Should you have any questions regarding criminal defense, please do not hesitate to contact Attorney Joseph C. Maya in the firm’s Westport office in Fairfield County at 203-221-3100 or at JMaya@Mayalaw.com.

Knife-Wielding Defendant Properly Convicted of Attempted Assault, Appellate Court Finds

In a criminal law matter, the Appellate Court of Connecticut found that the State provided sufficient evidence to convict the defendant of attempt to commit assault in the first degree.

The Case

This case arose from an incident that occurred on October 21, 2006. The defendant and his wife were arguing over his alcoholism when he threatened to kill her. The defendant went to the butcher’s block for a knife, and as the wife fled their home, she saw him opening a kitchen drawer containing loose knives. At a neighbor’s house, the wife called her daughter and asked to be picked up. After the daughter arrived with her boyfriend, the wife realized she forgot her medication at the house, so the group returned to retrieve it.

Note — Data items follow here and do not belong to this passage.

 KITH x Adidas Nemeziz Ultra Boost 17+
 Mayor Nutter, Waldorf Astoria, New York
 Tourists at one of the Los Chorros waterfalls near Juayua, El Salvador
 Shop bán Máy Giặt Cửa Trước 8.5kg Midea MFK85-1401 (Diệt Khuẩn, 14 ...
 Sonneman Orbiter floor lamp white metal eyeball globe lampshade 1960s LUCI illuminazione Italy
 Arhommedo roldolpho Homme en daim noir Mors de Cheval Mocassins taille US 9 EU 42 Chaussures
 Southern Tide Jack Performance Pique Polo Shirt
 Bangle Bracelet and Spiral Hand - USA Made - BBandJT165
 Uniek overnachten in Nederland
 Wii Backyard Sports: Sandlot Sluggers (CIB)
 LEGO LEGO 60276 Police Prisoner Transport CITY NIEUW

After entering the home, they saw the defendant standing at the top of the stairs wielding a knife saying “I’m going… to kill her.” As the wife ran for the door, “she saw the defendant start down the stairs toward her, knife raised, before she again ran from the home.” The daughter’s boyfriend saw the defendant swing the knife. Outside, the group called police as the defendant entered the garage. He was placed under arrest, but police could not find a knife on him or inside the garage. However, they located a three-inch knife on the kitchen table.

The Defendant’s Charges

The defendant was charged with attempt to commit assault in the first degree, among other crimes, in violation of Connecticut General Statutes §§ 53a-49(a)(2) and 53a-59(a)(1). At trial, the daughter’s boyfriend testified that the knife he saw the defendant holding was approximately 2.5 to 3 inches in length. The three witnesses, however, provided inconsistent testimony regarding the distance the defendant moved down the stairs. Regardless, the defendant was convicted and sentenced to eighteen years of incarceration.

On appeal, the defendant argued in part that the State provided insufficient evidence to convict him of attempted assault. He claimed that the State did not show he came within close proximity of the wife, or that the knife submitted into evidence was the one he alleged wielded. Finally, he argued that because the testimonial inconsistencies were not resolved, the State failed to meet their burden.

Conviction of Attempted Assault in the First Degree

In Connecticut, to be convicted of attempt to commit assault in the first degree, the State must provide “proof of intentional conduct constituting a substantial step toward intentionally causing the victim serious physical injury by means of a dangerous instrument.” To qualify as a substantial step, the act taken by the assailant “must be strongly corroborative of the actor’s criminal purpose.” In other words, the action had to be the start of “a line of conduct which will lead naturally to the commission of the crime.”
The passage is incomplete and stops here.